De constatering van Schreuder dat door deze methodologische keuze de situatie in het werkveld niet geheel wordt gereflecteerd, is juist. Echter, deze keuze is een onvermijdelijk gevolg van het doel van de studie: het zo zuiver mogelijk evalueren van de meetprestaties in twee settings, met uitschakeling van de rol van verschillen in meetapparatuur en ijkprocedures tussen die settings. Ook hier geldt, zoals zo vaak, dat één enkel onderzoek niet alle vragen kan beantwoorden. Om zicht te krijgen op de vergelijkbaarheid van spirometrietests in de realiteit van de eerstelijnszorg is een ander, maar soortgelijk onderzoek nodig, waarin huisartspraktijken en longfunctielaboratoria hun eigen, vertrouwde apparatuur gebruiken en hun eigen routines voor ijking en onderhoud hanteren.

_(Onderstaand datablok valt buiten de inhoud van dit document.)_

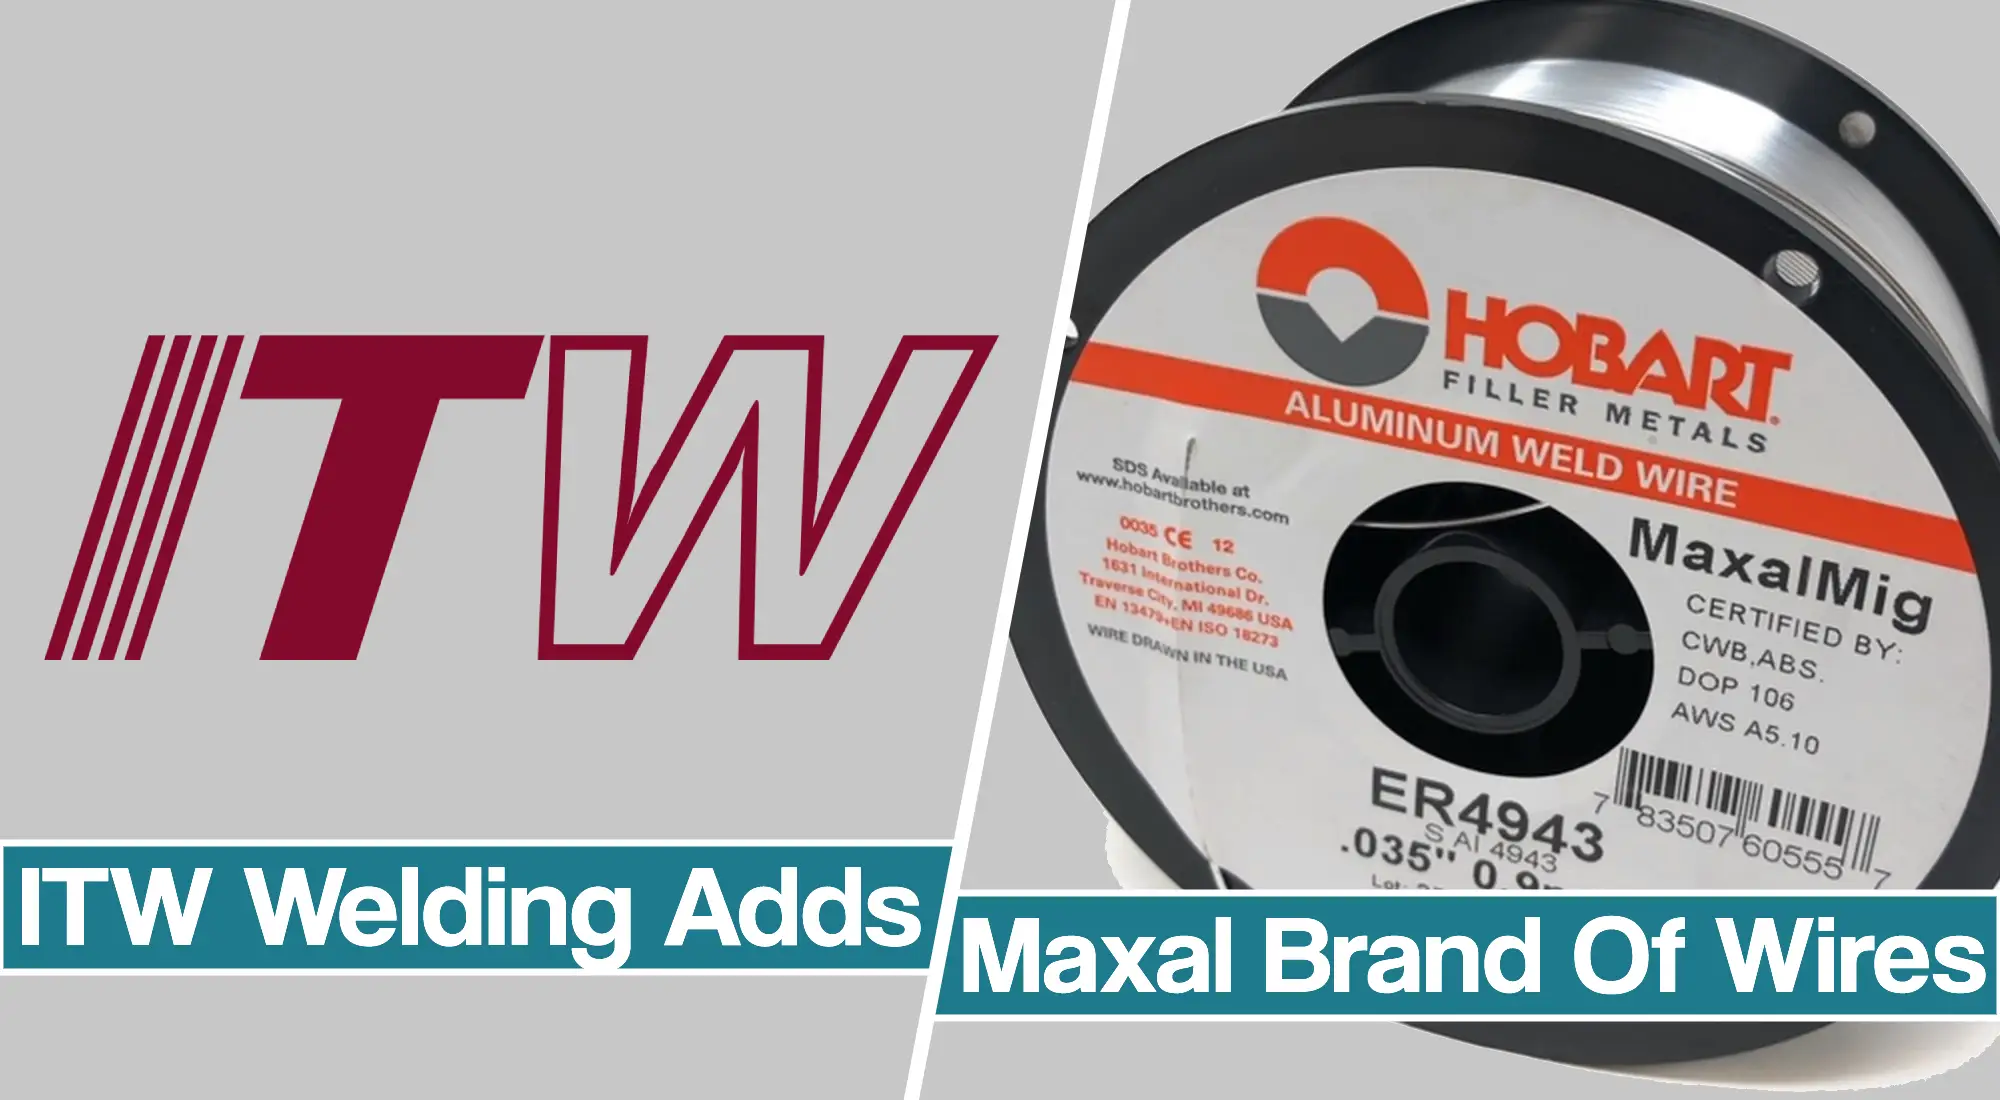 ITW North America Adds Maxal Welding wires

Onze – enige – conclusie dat de meetprestatie het uitvoeren van spirometrie in eigen beheer van de huisartspraktijk niet in de weg hoeft staan, blijft in onze ogen te rechtvaardigen op basis van de gerapporteerde onderzoeksbevindingen.

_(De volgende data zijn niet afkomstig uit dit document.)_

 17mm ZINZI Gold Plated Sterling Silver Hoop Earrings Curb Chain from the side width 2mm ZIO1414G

Dat de variatie tussen herhaalde longfunctiemetingen binnen personen aanzienlijk kan zijn, is genoegzaam bekend, evenals de factoren die verantwoordelijk zijn voor deze binnenpersoonsvariatie.1 In de beschouwing van het artikel gingen wij daar uitgebreid op in. Hoe in de (huisarts)praktijk omgegaan moet worden met spirometrietests die bij dezelfde patiënt op verschillende plaatsen en/of tijdstippen en eventueel door verschillende personen zijn verricht, is een vraag voor verdere discussie en onderzoek.

T.R.J. Schermer
H.T.M. Folgering
J.E. Jacobs
N.H. Chavannes
J. Hartman
C. van Weel
B.J.A.M. Bottema
Literatuur
  1. Enright PL, Connett JE, Kanner RE, Johnson LR, Lee WW. Spirometry in the Lung Health Study: II. Determinants of short-term intraindividual variability. Am J Respir Crit Care Med 1995;151(2 Pt 1):406-11.